*Try it*
Across the entries below, tally every line that holds the string "light" and reply with the number only.

*Data shown*
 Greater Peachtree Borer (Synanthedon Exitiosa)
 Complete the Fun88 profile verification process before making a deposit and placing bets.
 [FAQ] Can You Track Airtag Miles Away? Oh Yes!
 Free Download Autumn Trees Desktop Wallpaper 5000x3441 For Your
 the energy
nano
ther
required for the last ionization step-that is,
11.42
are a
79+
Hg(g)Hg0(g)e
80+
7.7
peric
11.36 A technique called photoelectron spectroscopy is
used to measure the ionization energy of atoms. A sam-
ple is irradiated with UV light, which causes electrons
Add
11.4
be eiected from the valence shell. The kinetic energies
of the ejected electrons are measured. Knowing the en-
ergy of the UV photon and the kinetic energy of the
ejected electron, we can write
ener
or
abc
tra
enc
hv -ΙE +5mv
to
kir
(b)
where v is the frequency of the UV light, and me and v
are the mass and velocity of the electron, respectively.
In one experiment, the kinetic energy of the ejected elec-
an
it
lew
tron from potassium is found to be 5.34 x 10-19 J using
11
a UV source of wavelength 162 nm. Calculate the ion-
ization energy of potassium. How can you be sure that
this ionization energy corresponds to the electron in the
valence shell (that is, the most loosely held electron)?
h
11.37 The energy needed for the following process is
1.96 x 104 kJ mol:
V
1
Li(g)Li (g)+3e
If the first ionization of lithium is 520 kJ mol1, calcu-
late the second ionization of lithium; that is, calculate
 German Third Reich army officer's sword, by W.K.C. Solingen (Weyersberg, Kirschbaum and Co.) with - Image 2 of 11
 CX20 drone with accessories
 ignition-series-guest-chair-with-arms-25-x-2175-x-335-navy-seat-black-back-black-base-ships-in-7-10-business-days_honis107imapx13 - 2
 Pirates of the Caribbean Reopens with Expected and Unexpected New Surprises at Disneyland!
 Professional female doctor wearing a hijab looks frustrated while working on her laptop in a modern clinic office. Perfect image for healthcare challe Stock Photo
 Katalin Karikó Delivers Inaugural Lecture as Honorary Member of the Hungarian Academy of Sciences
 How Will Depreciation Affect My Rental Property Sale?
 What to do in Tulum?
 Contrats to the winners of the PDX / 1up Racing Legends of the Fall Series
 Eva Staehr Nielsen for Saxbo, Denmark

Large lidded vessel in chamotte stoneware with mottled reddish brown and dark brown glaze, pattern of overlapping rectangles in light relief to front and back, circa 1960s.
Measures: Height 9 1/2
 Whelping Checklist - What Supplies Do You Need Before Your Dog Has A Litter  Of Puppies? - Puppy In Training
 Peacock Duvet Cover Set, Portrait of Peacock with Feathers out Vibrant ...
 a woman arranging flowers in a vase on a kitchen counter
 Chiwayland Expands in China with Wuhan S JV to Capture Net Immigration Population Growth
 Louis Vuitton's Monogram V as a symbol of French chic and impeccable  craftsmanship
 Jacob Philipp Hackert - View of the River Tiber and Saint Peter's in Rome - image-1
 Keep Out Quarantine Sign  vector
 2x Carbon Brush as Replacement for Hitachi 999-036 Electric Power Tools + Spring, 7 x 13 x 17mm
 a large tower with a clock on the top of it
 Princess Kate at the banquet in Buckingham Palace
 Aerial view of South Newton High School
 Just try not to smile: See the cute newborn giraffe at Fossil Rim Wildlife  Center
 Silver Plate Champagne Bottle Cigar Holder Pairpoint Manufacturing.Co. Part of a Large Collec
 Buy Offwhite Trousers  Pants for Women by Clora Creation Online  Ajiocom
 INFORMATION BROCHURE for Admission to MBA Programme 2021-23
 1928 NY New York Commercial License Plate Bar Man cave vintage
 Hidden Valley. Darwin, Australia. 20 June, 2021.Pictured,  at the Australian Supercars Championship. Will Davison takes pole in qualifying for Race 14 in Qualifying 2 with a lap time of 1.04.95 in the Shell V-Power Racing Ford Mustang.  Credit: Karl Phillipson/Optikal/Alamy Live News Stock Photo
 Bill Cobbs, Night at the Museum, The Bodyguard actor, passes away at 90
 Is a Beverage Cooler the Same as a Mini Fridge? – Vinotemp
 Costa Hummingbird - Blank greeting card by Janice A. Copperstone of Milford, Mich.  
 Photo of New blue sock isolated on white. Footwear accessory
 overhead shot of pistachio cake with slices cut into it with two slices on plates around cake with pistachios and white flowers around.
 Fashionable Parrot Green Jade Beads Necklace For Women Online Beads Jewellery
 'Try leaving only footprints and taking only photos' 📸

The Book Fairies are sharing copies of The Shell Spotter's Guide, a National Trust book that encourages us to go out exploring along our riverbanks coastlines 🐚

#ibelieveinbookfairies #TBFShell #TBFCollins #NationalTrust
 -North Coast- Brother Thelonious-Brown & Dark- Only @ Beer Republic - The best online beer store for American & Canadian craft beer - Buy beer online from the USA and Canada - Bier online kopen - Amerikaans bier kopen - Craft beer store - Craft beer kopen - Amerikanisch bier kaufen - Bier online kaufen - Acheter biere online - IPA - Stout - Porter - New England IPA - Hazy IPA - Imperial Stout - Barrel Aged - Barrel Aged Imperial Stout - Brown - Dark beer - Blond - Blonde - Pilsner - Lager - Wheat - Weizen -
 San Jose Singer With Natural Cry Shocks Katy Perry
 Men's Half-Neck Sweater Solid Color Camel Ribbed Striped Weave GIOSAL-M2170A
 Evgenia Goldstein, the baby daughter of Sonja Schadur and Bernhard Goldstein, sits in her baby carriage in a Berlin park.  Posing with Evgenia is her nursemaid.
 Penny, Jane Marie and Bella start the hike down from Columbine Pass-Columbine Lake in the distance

*Response for this exercise*
3